Yesterday, it was Kickball. Yes, the same game that children are playing in schoolyards everywhere (I hope. Or else they're just getting fat.) I had not played Kickball since the 3rd grade, and I can say without any shame that I stunk back then. Truly stunk. In fact, my teammates eventually put me at pitcher because I was so bad at catching the ball, but even I could roll the thing (Except to those girls who would always throw it back, screeching "Too Bouncy!") In fact, the pitching role was one I took pride in because at least I could be useful somehow. I certainly wasn't much help on offense, that I recall.
Still, I had fond memories of playing Kickball back then. So, when I was invited to play in the local Social Boston Sports league, I said, "Why not?" Sure, I haven't played in a couple decades, but I'm bigger and stronger and smarter now. I must be better at it.
No, sir. I still stunk. In fact, my skills may have eroded over time, for at least back then I had some desire to win. This go-round, I just wanted to have a few yucks and get out of the house on a Sunday. Well, at least I had a few yucks.
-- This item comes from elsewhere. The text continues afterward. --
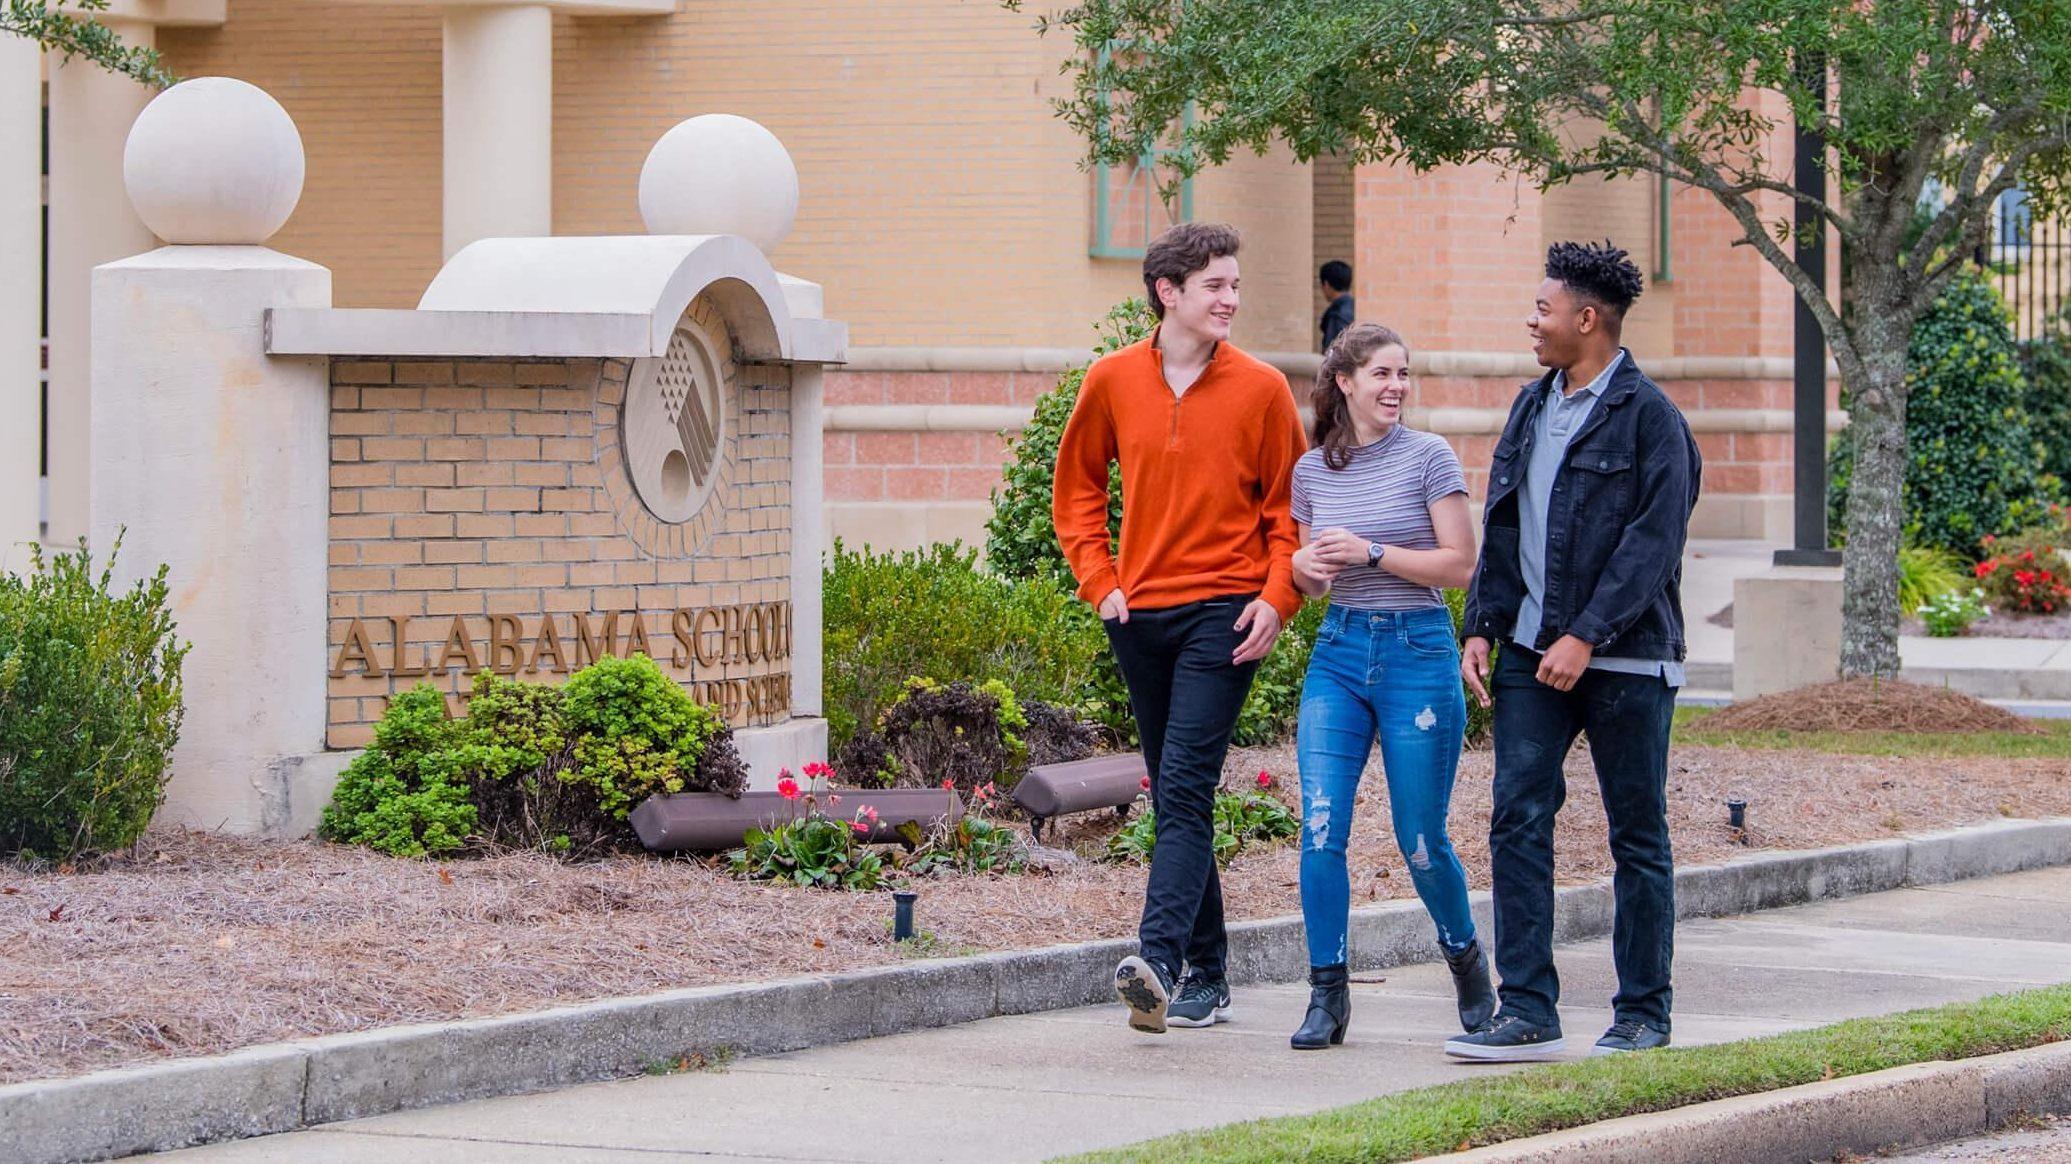 2019 ASMS Campus Nov 3190

As was the exact case when I started playing in the BU softball league a few years ago, I thankfully am on a team that would rather lose and have fun than win and pummel their opponents and look like they aspire to one day make it to the World Series of Kickball and be on ESPN 2 after the Hot Dog Eating Contest. No, I was on a team that decided after we were destroyed 8-0 that our team name should be the Hang-overs. And I am very grateful for that.
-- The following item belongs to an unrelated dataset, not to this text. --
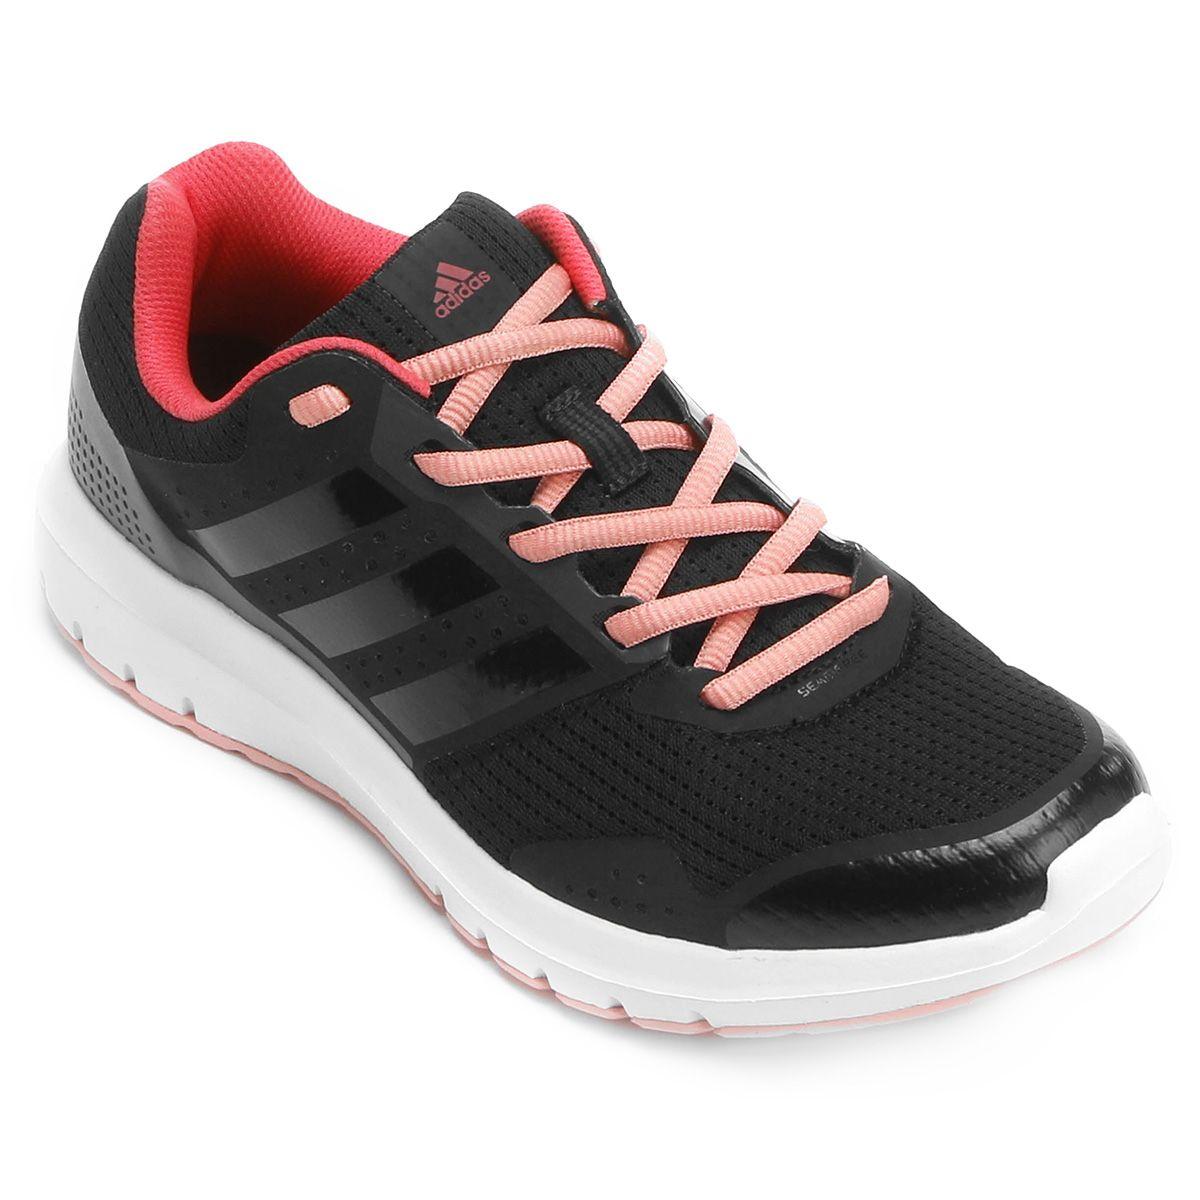 c10957a6e34 Tênis Adidas Duramo 7 Feminino Preto e Rosa

It's not that the Hang-overs didn't try. We did. We caught the ball when we could, kicked it when we had to, ran when we had to, and laughed when we wanted to. But there's trying, and there's trying. Our opponents were trying, trying to embarrass us and build up their fantasy stats while they did it, I guess. they were running and stretching before the game, while the Hang-overs were trying to wrestle up 9 people. At one point, their first baseman fielded the ball and rather than running over and tagging the base with his foot, happy to get the out, he leaned over and lightly touched it with the ball, just to shove it in our faces that he was so good, he had all day to get that out. And then, next inning, he did it again! Arrogant ass. I hope we play them again just so I can kick him instead of the ball. Also, our opponents had a strategy. they determined (obviously from watching hours of video) that if you kick a ground ball to the 3rd baseman, there is virtually no way for him to throw the ball over to first base to get the out. The ball is just not made to be thrown that far. So, they essentially bunted every pitch until they had the bases loaded, and then someone would kick the thing into the outfield and at worst they get a sacrifice fly, but that hinged on our outfielders actually catching it.
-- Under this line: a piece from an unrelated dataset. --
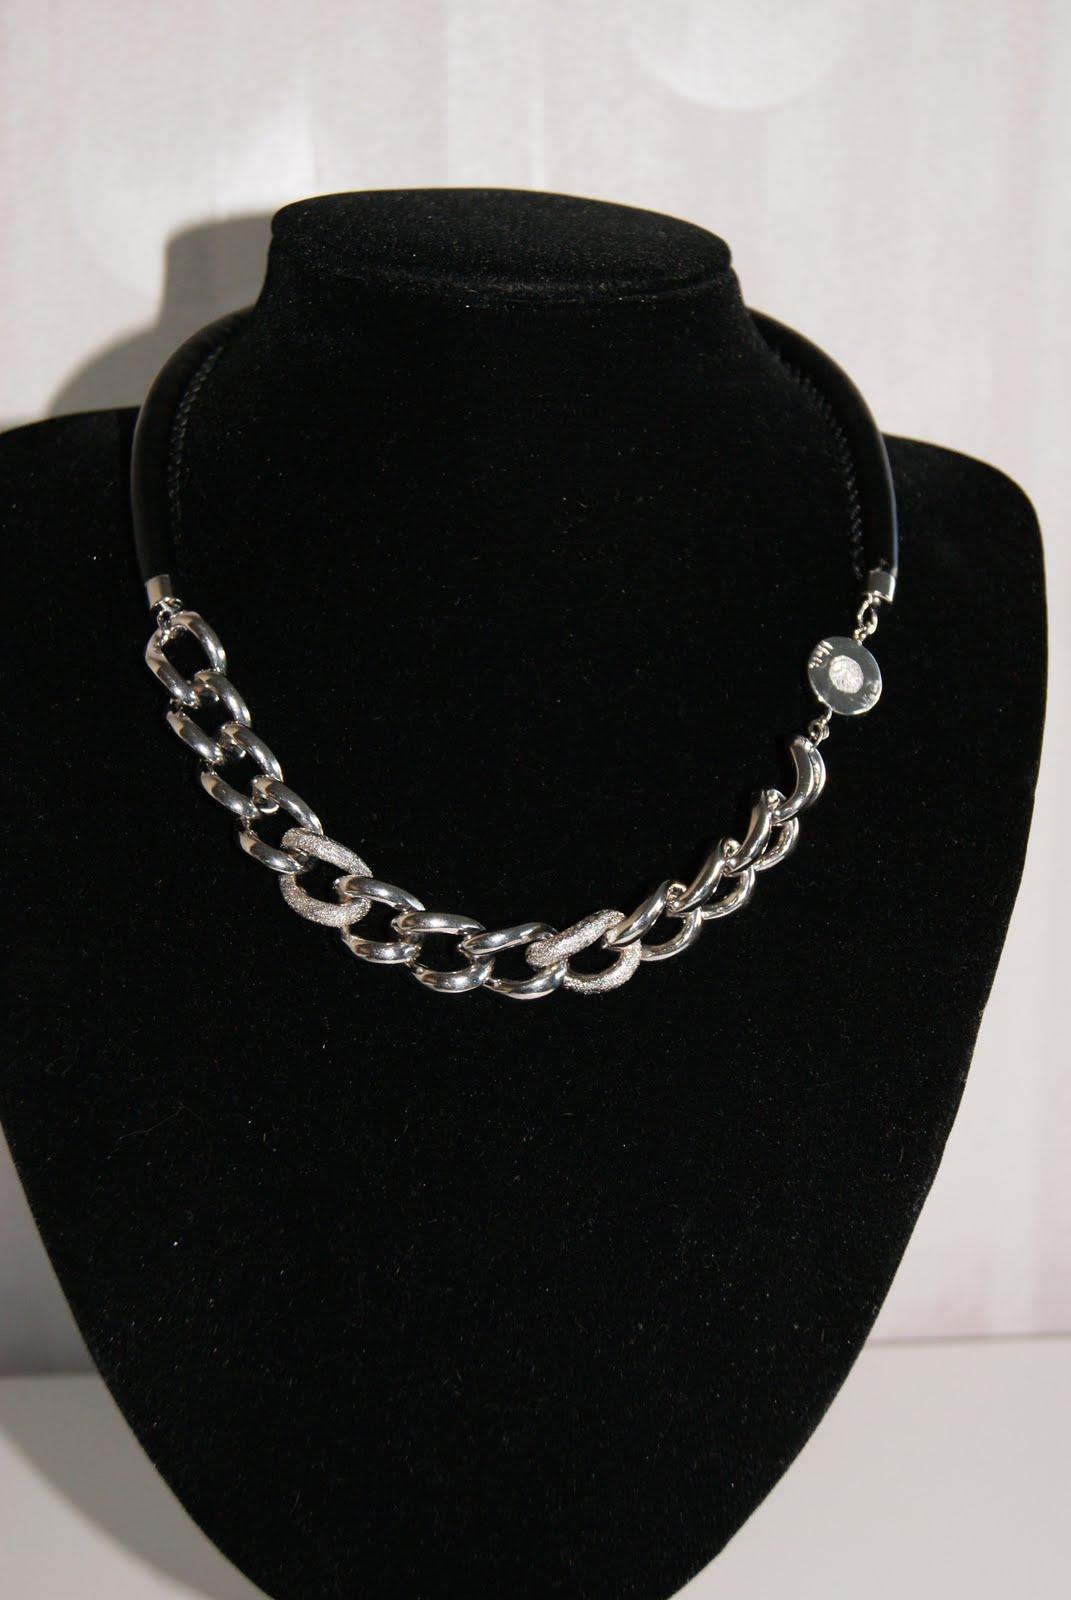 Till sist skall jag visa några av de nya Miss Dee smycken som kommit till  Webbshopen. Ännu har de inte hunnit bli insatta på Cadora. Men inom 8cb94756522c8

Sound strategy, even if it did make them appear to be the world's biggest wusses. but they needn't have bothered. Nobody on our team really cared enough to attempt to thwart them, including me. But the kicker (Pun!) is that they probably went home patting each other on the back and thinking about how awesome they did, all the while laughing at us.
Well, I got news for ya, superstars. The joke's on you.